Never had a problem so far.


----------



## copperkid3

Can you or should you? The way you answer depends . . .

And for liability purposes only, anything that you take from

this thread is for informative purposes as well. (I neither play

at being a lawyer, nor do I want to be sued by one as well.)

That being said, the answer still centers around "it depends".

How big is it, exactly 'where' on the sidewall is it located and 

whether (or not) it is legal in your state to do so. Here's what

the rubber mfrs association has to say on the matter:

&#8226; Repairs are limited to the tread area only (No sidewall repairs).

&#8226; Puncture injury cannot be greater than 1/4 inch (6mm) in diameter.

&#8226; Repairs must be performed by removing the tire from the wheel
to perform a complete inspection to assess all damage that may be present.

&#8226; Repairs cannot overlap.

&#8226; A rubber stem, or plug, must be applied to fill the puncture injury
and a patch must be applied to seal the innerliner.
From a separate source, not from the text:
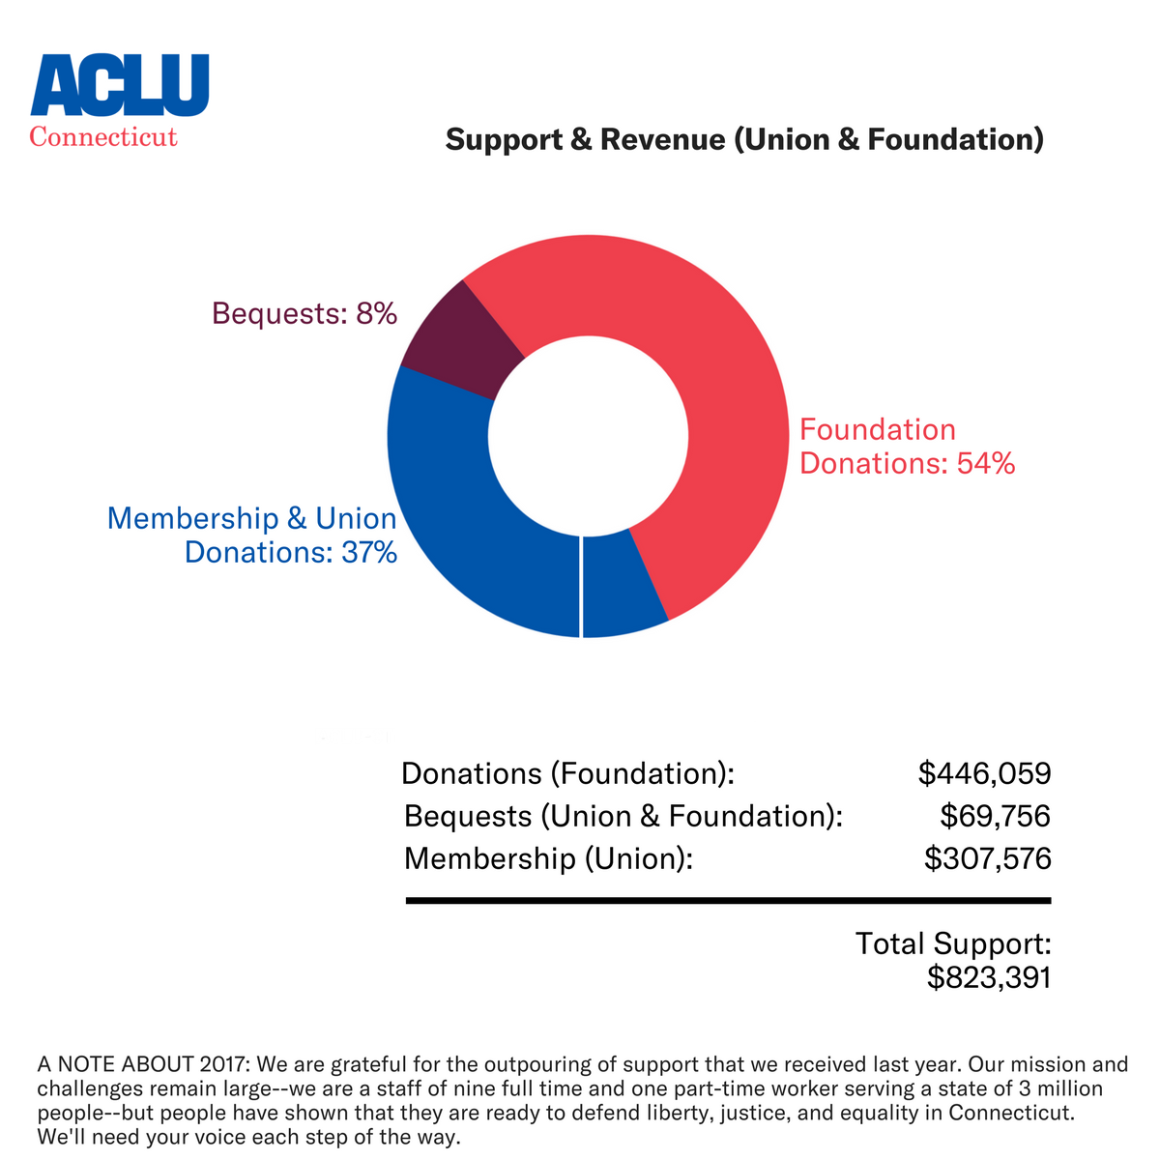 Support and revenue for the ACLU-CT in 2017

A common repair 
unit is a one-piece unit with a stem and patch portion. A plug by itself 
is an unacceptable repair.


Most reputable tire repair shops will NOT do the repairs 

if they don't fall within the parameters shown above.

If they are repaired, it is advised that the tire

be used on the rear only; not on the front.


----------



## fixer1958

Do it yourself, go for it. Legally you can't repair a tire that has a puncture within 1" of the shoulder of the tread area without being advised that the establishment is not held responsible. 

Actually they prefer the bad tires be put on the front for stability in case of a blowout.
I don't understand that logic.
Just what I have read and they get paid more than I do to figure it out....supposedly....?


----------



## plowjockey

I would (and have dozens of times) cold-patch a hole in the sidewall, but never plug it. 

Not enough sidewall thickness, IMO, plus it's always flexing a lot more, than the tread area.


----------



## clovis

Several years ago, one of my customers was an auto repair shop.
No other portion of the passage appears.